Dr. Júlio Laender, Edimar Cantão e Eu, Jorge Edim, voltávamos de Alta Floresta – MT com destino a Cuiabá - MT, a bordo de um Cesna-310 sob o comando do experiente capitão Tejima, que consciente do risco de voar sobre o exuberante manto verde da Amazônia, num dia tão chuvoso quanto aquele, mudou de rota e rumou para a Base aérea da Ilha do Bananal no rio Xingu-MT onde aterrissamos, antes do meio-dia, com muita dificuldade visual e sob uma tremenda tempestade. Vários outros aviões já se encontravam resguardados, naquela pista alternativa, alguns já, há mais de 24 horas, e seus comandantes nos interpelaram indagando sobre os motivos que nos fizeram desafiar tamanho mau tempo, por um voo longo sobre uma floresta tão perigosa. O comandante de um Queenair , aeronave canadense, toda equipada para enfrentar condições adversas em áreas perigosas, repreendeu o comandante Tejima e nos aconselhou a pernoitar na Ilha para esperar que o tempo melhorasse.

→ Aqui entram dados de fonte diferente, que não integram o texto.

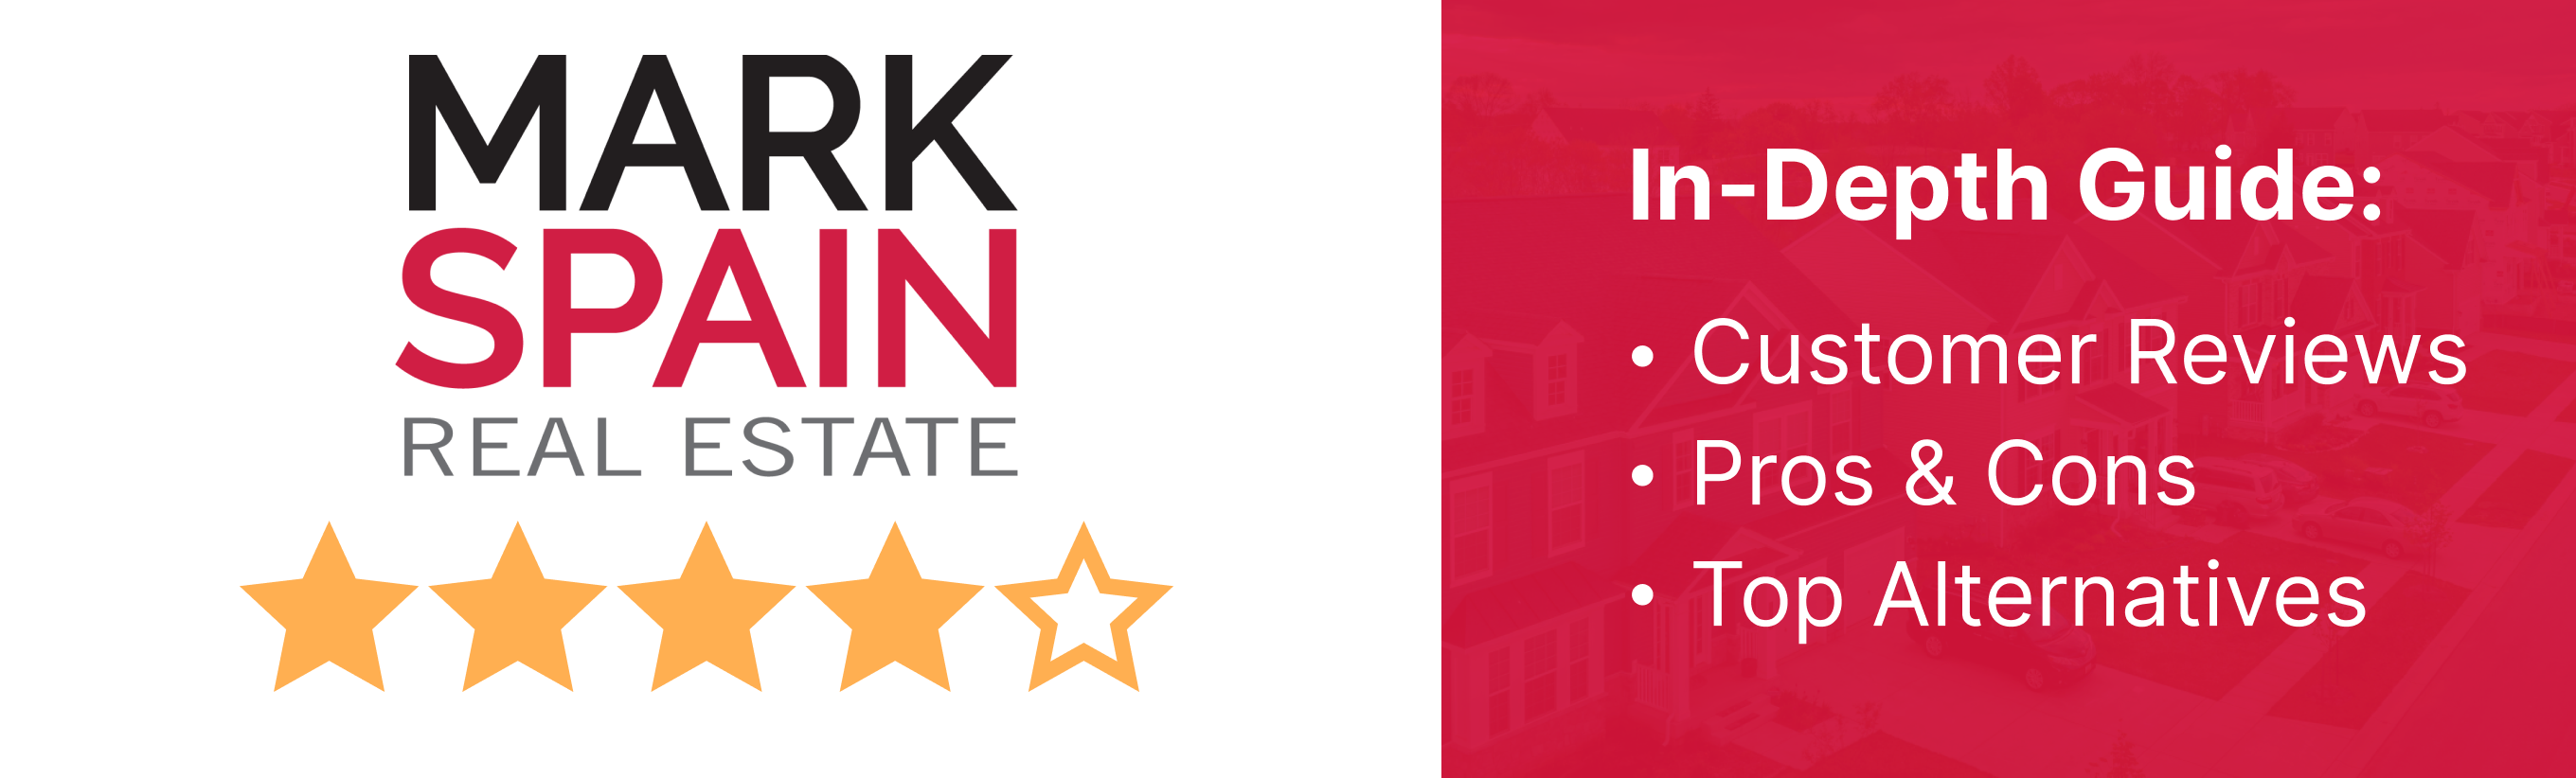 Four-star review of Mark Spain Real Estate.
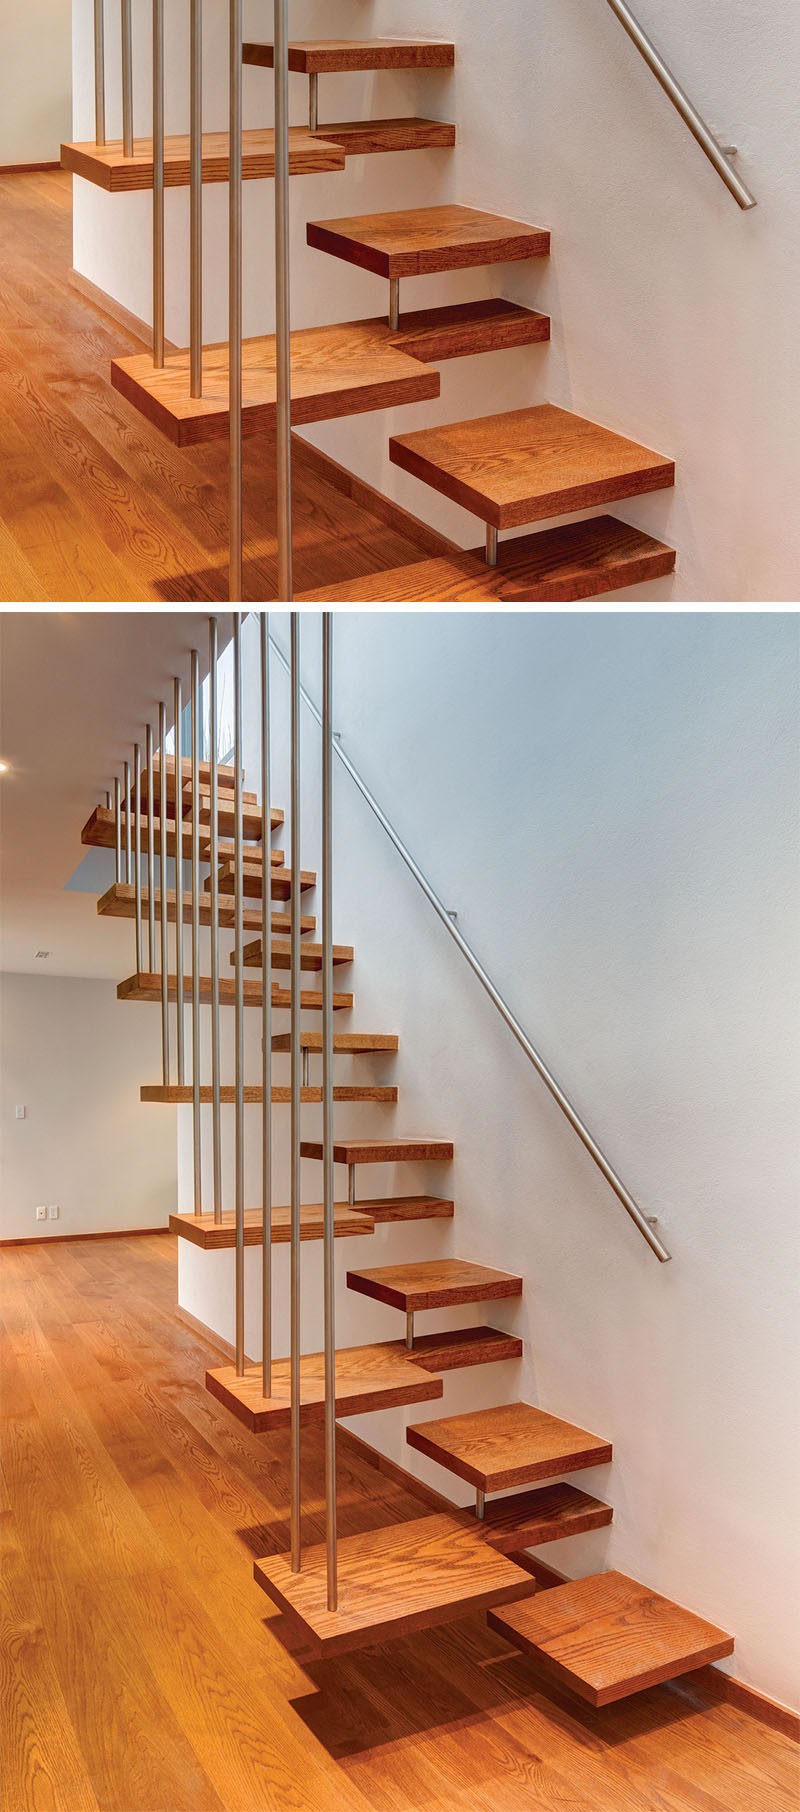 30+ Examples of Modern Stair Design That Are a Step Above the Rest

Não tive dúvidas. Acomodei-me no balcão do boteco dos índios, onde serviram cachaça e sardinha, que desceu como verdadeiro calmante depois de uma aventura tão estressante.
Dr. Júlio Laender, manifestou para o comandante Tejima, seu desejo de chegar em Belo Horizonte ainda naquele dia, dizendo: “Eu precisava chegar em BH ainda hoje”. O comandante, olhou para o céu cinzento e disse com ar de contrariado e corajoso; se é para decolar tem que ser agora.
Não tive tempo para tomar a segunda dose. Dr. Júlio e Edimar sentaram no banco traseiro e Eu embarquei, assumindo o assento de copiloto sob o protesto de todos os tripulantes dos demais aviões ali presentes.
Taxiamos como se brigássemos com a chuva torrencial. Corremos toda a pista e assim que saímos do solo, dois raios cortaram os lados direito e esquerdo da aeronave. Dr. Júlio disse: É comandante, se você vir que não dá, pode voltar. A resposta veio de imediato: “Agora num dá mais, é impossível enxergar a pista.”
Recebi do comandante a tarefa de segurar firme as duas manetes que teimavam em dançar de um lado para o outro. A formação de gelo era tão grande que dificultava a rotação das hélices. Se o comandante tentasse subir com a aeronave, encontrava a resistência do gelo das nuvens ( CB ) caso descesse, corria o risco de bater nas árvores mais altas, tudo isto às cegas, pois balançávamos de forma impressionante dentro de uma massa cinzenta capaz de nos levar ao limite do medo.
Em determinado momento o compartimento de bagagens quebrou e as malas caíram sobre nós aumentando o caus. Foi quando Edimar, segurando o cordão de ouro muito pesado, disse: “Eu devia ter deixado meu cordão e meu rolex para Juninho!”

Depois de quarenta e cinco minutos, sacudindo como se fossemos um cisco, no núcleo de um CB ( cúmulo-nimbo, nuvem escura com grandes formações de gelo ), recebemos um esculacho da torre de controle de Brasília-DF dizendo que estávamos voando perigosamente sobre a capital e em meio a um tráfico de aviões grandes que posavam por instrumento e que devido a visibilidade zero, poderiam colidir conosco. O comandante, já completamente esgotado, não deu ouvidos, e sabendo que sobrevoava a capital que não tem montanhas nem grandes arranha-céus iniciou um descida cega na tentativa de visualizar alguma coisa que o orientasse. Já que trabalhava em Brasília-DF há muitos anos. Deus guiou seu manche e ele pousou sob os protestos da torre de controle. Assim que taxiamos, percebendo o desgaste físico do comandante Tejima, corri para o balcão da VASP ( Viação Aérea São Paulo ) e comprei duas passagens do trecho Brasília-DF para Belo Horizonte-MG, em nome de Júlio Laender e Edimar Cantão. Voltei para o angar onde estavam o Cesna-310 e os parceiros de aventura, para os quais entreguei os bilhetes e me despedi dizendo: “bom voo para vocês que têm que chegar hoje em BH, eu irei de ônibus para Marabá. Graças a DEUS!”